Wrze­sień ozna­czał dla mnie wiele zmian, na które zupeł­nie nie mia­łam wpływu. Po pierw­sze, zmie­niła się pogoda. Na­dal było cie­pło, ale nie tak upal­nie jak w sierp­niu. Szkoda, bo dla mnie słońce mogłoby pra­żyć cały rok na okrą­gło. Z ubo­le­wa­niem stwier­dzi­łam też, że wcze­śniej zapada zmierzch, a to już poważny pro­blem, kiedy pro­wa­dzi się agen­cję detek­ty­wi­styczną. Po dru­gie, oka­zało się, że wyro­słam z haló­wek. A wła­ści­wie moje stopy wyro­sły. I tu znowu szkoda, bo mia­łam halówki jedyne w swoim rodzaju. Sama spe­cjalną farbą do tka­nin wyma­lo­wa­łam na nich sło­necz­niki. Były cudne. Z żalem musia­łam uznać, że nie wci­snę w nie stóp, chyba że sko­rzy­stam ze spo­sobu przy­rod­nich sióstr Kop­ciuszka. Ale za bar­dzo lubię swoje palu­chy, żeby ucie­kać się do tak dra­stycz­nych dzia­łań. Uzna­łam, że lepiej spró­bo­wać wyma­lo­wać nowe sło­necz­niki na halów­kach w pasu­ją­cym roz­mia­rze.

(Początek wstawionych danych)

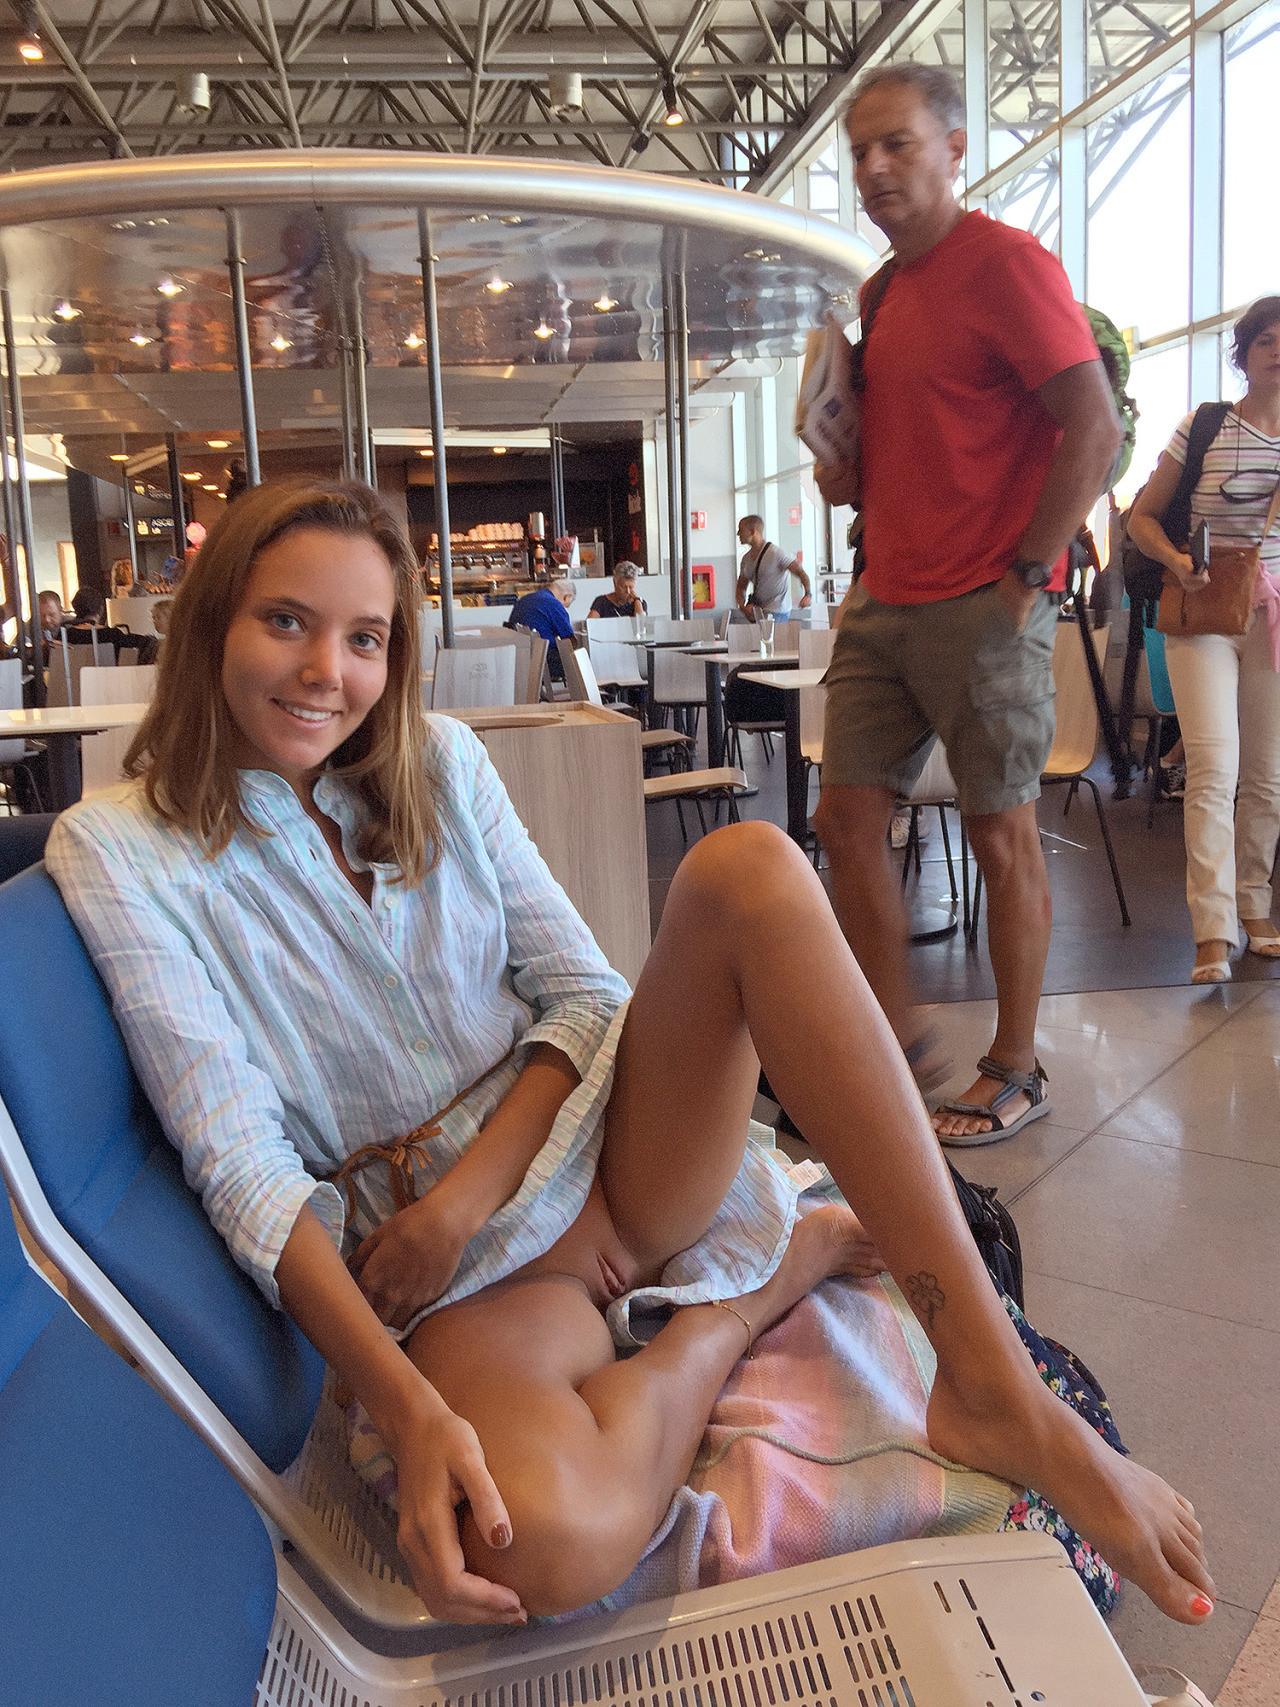 Teen upskirt in public
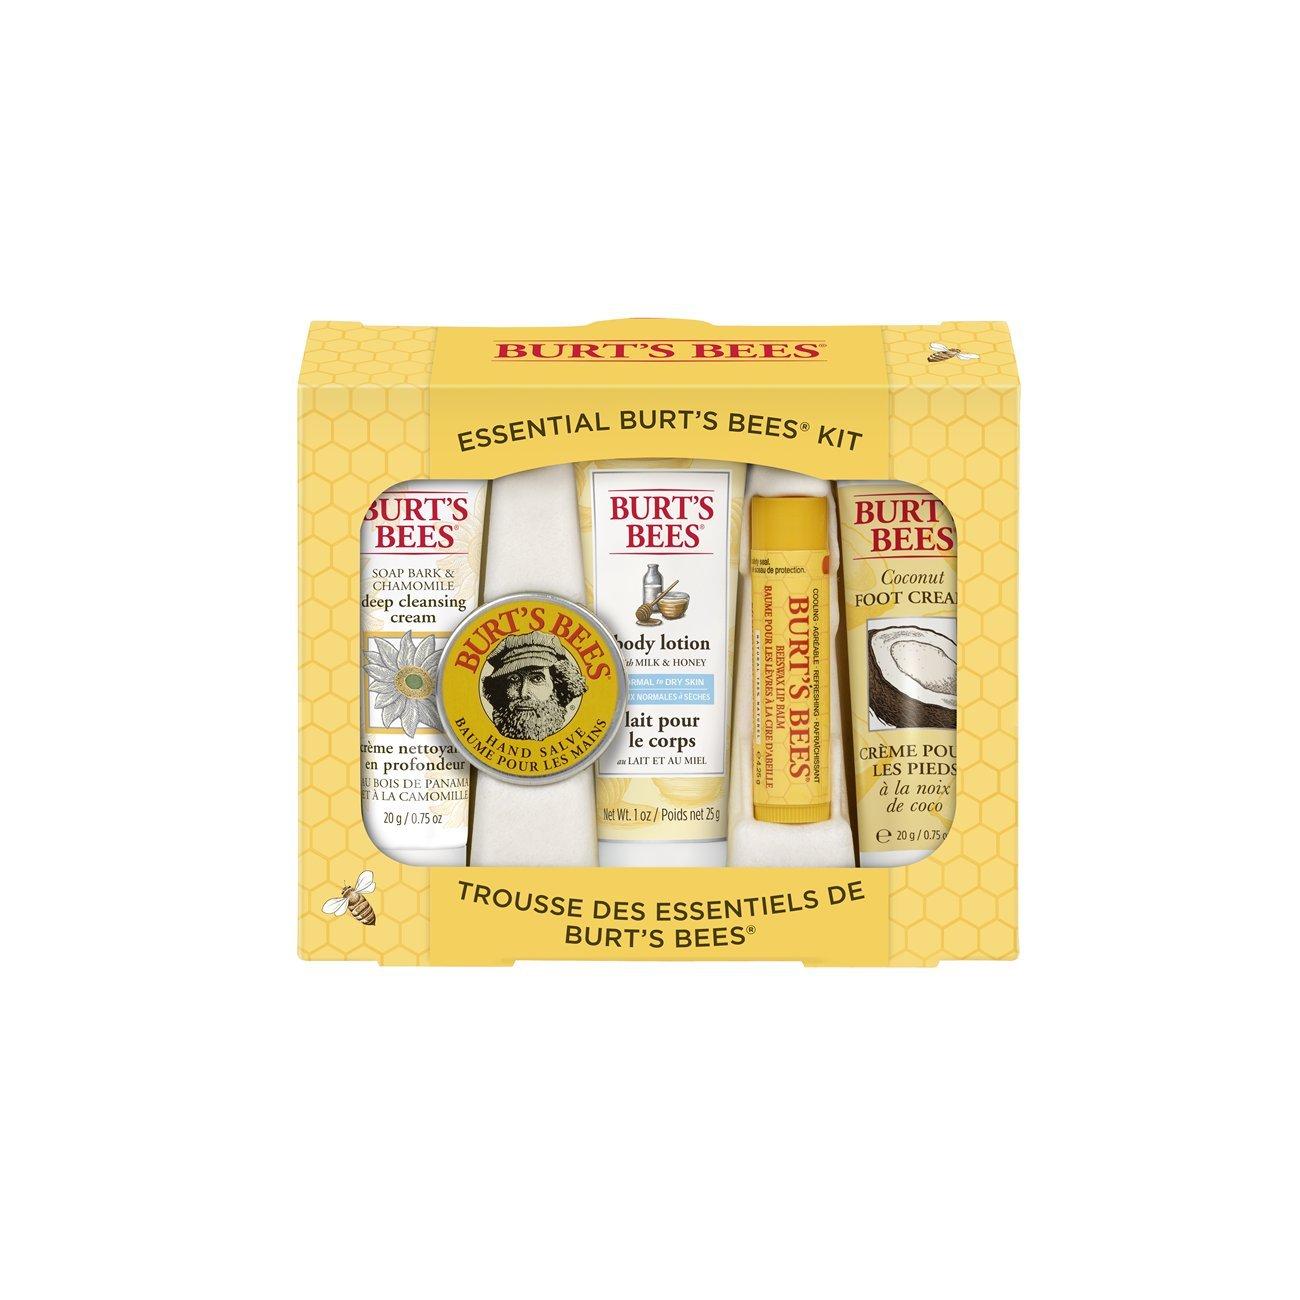 Burt's Bees Essential Body Kit Burt's Bees 00916-24

Jed­nak naj­więk­sza mody­fi­ka­cja cze­kała na mnie w szkole. Szybko prze­ko­na­łam się, że czwarta klasa to nie prze­lewki. Nowe przed­mioty, nowi nauczy­ciele. Dotąd wszyst­kie lek­cje mie­li­śmy z panią Stę­kałą i ten sys­tem bar­dzo mi odpo­wia­dał.

Naszą nową wycho­waw­czy­nią została pani Prze­kora, nauczy­cielka histo­rii. Wystar­czyły rap­tem dwie lek­cje, byśmy zgod­nie całą klasą prze­mia­no­wali histo­ryczkę na „histe­ryczkę”. Wyobraź­cie sobie, że już na pierw­szej lek­cji zadała nam pracę domową. Serio.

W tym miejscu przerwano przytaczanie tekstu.